Over the last 18 months there has been a great deal of interest in the application of AI/ML Forecasting and as covid data has become embedded in companies’ sales history, the need for additional demand indicators and systematic methods to utilize them has accelerated.
In our latest Insight Hour: Using AI/ML in Forecasting, the aim10x Innovators Network members discussed roadblocks to forecast accuracy, data input quality & accountability and the changes machine learning is having on Demand Planner Skillsets and IBP. The session was presented and chaired by Nitin Goyal (o9) and Fazlur Rahman (Kraft Heinz).
For this peer session the topics covered ranged from how to improve the quality of source data and gain better forecast accuracy to the impact of implementing AI/ML Forecasting on traditional IBP and how planner skills are changing in the face of new forecasting solutions.
Using AI to Understand a True Demand Signal
Nitin Goyal prefaced the session by explaining how history is no longer considered the only indicator for predicting the future. He expanded further that historical data represents what did happen, not what could have happened! How much Market Share do you have? Did a competitor have a successful marketing event? Was there a stock out? These events can distort and disguise the true demand signal.
Traditional statistical forecasting processes are only supported by lagging indicators, and this creates a lot of manual work to account for planned changes in future. Connecting Leading Indicators of demand with internal enterprise data is challenging and typical planning solutions lack the capability to run scenarios. The resulting forecast accuracy issues cause a lot of friction between Finance, Sales, and Supply chain.
This is where AI/ML Forecasting, using not just history but additional internal and external drivers as lagging and leading indicators, can really transform the accuracy of your forecasts. o9’s flexible, open source, machine learning forecasting solution is able to consider any driver of demand such as promotions, pricing, competitor activity, holidays, local events, cannibalization, policy changes, macroeconomic factors, industry data, weather and more.
Moving Beyond History as a Forecast Indicator
To entice discussions, the participants were invited to answer two poll questions: “How would you rate your forecasting accuracy?” and “What inputs are you currently using for forecasting?”. The results showed that most participants struggle to get above average accuracy and are moving beyond pure history as a forecast indicator. The resulting discourses revealed that many were conducting small scale experiments with additional driver data to increase forecast accuracy and were hoping to ramp up driver usage over time.
Roadblocks to Improving Forecasting Accuracy
The group discussed challenges to improving forecast accuracy and members articulated a range of issues that they were experiencing in the pursuit of forecast improvement including business cycles not being uniform, disjointed systems, incorrect historical weighting, Excel spreadsheets outside the system of truth, and planner capability”.
Three suggestions that really resonated were “Lack of confidence, adoption & collaboration”. The member offering these examples explained that planning insight not being believed or shared was resulting in failures to make good decisions.
Others brought up the significant problem of lack of trust in the forecasts produced by a ‘Black Box’. How do you get the business to buy into what is seen as almost magic?”

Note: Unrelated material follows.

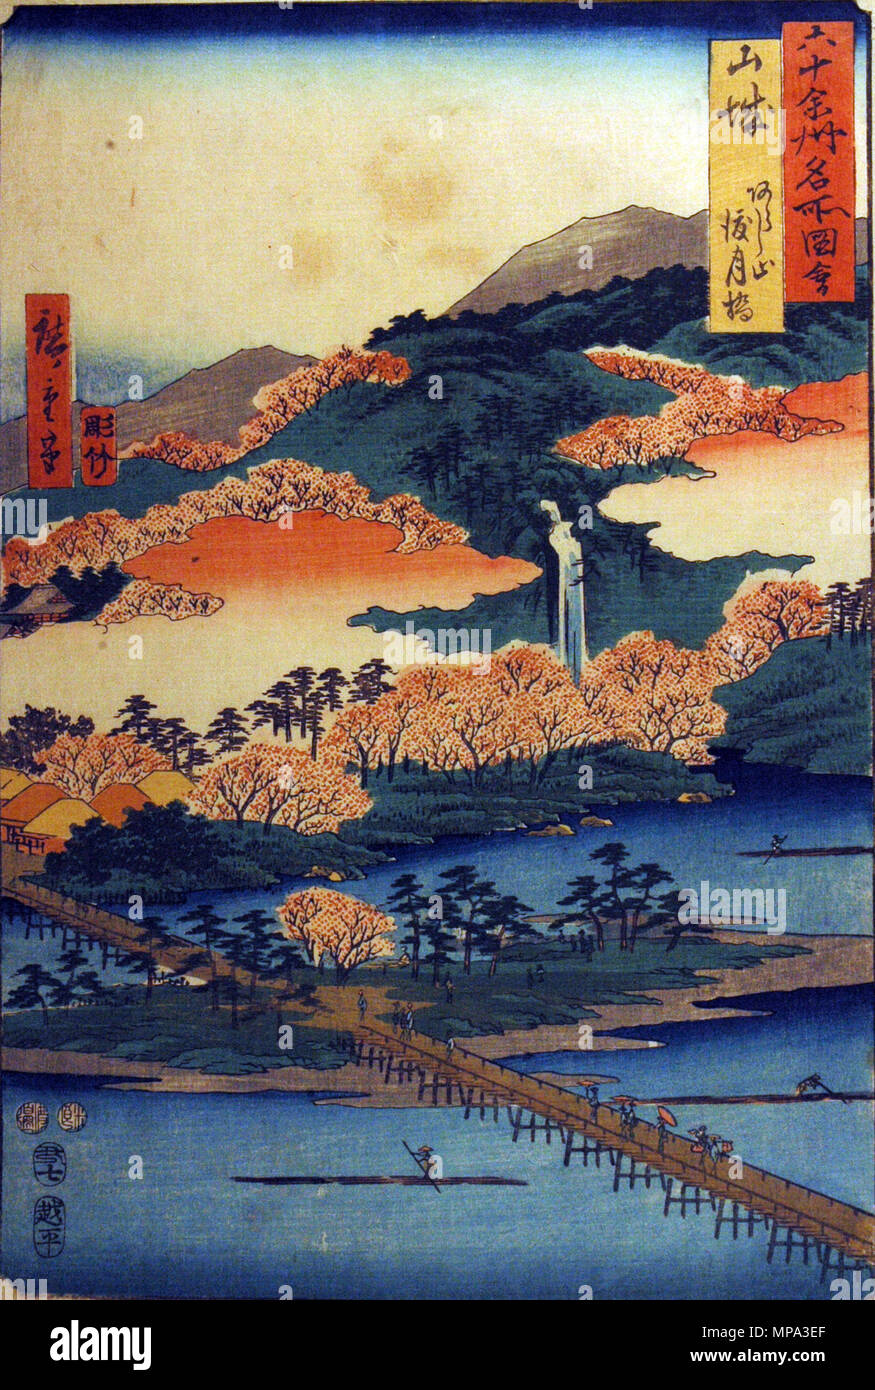 . English: Accession Number: 1957.256 Display Artist: Utagawa Hiroshige Display Title: 'Yamashiro Province, The Togetsu Bridge in Arashiyama' Series Title: Famous Views of the Sixty-odd Provinces Suite Name: Rokujuyoshu meisho zue Creation Date: 1853 Medium: Woodblock Height: 13 1/2 in. Width: 9 1/8 in. Display Dimensions: 13 1/2 in. x 9 1/8 in. (34.29 cm x 23.18 cm) Publisher: Koshimuraya Heisuke Credit Line: Bequest of Mrs. Cora Timken Burnett Label Copy: 'One of Series: Rokuju ye Shin. Meisho dzu. ''View of 60 or More Provinces''. Published by Koshei kei in 1853-1856. Included in this colle Stock Photo

Another member explained the belief that one of the biggest challenges they were facing was also the answer to the issue of an untrusted black box, obtaining insight and using it effectively.
Quality of Inputs and Accountability
The challenge of gaining insight nicely segued into the next topic, which was the quality of inputs and accountability for the forecast. Some questions asked included, “How do you reconcile different assumptions and reach consensus?” and “Has anyone overcome the struggle with data quality?”
Members answered that data across multiple systems in different granularity and states of cleanliness were significant challenges that they were working hard to overcome. The rationalisation of source systems, defining the correct data on which to base their forecasts and data cleansing were spoken of as activities to improve data quality and facilitate clearer accountability. One member stated that his company was looking to bring in more ordering automation including utilising orders for short term demand sensing.
Changing Traditional IBP Process and Planner Skills
Considering the increased use of automation and the advances of AI/ML, the moderator asked the members what changes they thought were likely to happen to the traditional Integrated Business Planning processes and the skills required from planners.
There was agreement amongst the members that they were seeing changes happening. One common observation being the shift towards selling as compared to forecasting by sales. Another typical theme was the shift of forecast horizon emphasis as algorithms resolve short-term forecasts allowing planners to focus on the mid- and long-term.
As one member pointed out, people “like their numbers” and that they are encountering a huge shift of planning emphasis “as we change our IBP process to be action oriented and forward looking, because the AI machine learning being able to do most of the historical autopsy.”
Embracing Planning Transformation
July’s Peer Session included some fascinating insights about how members are tackling their planning transformations by creating solutions and processes that can collect additional drivers to create Machine Learning forecasts that will reform their company’s supply chains. To conclude the discussion, a member suggested that the topic for the next meeting should centre on how to collect additional drivers and assess if they should supersede existing ones.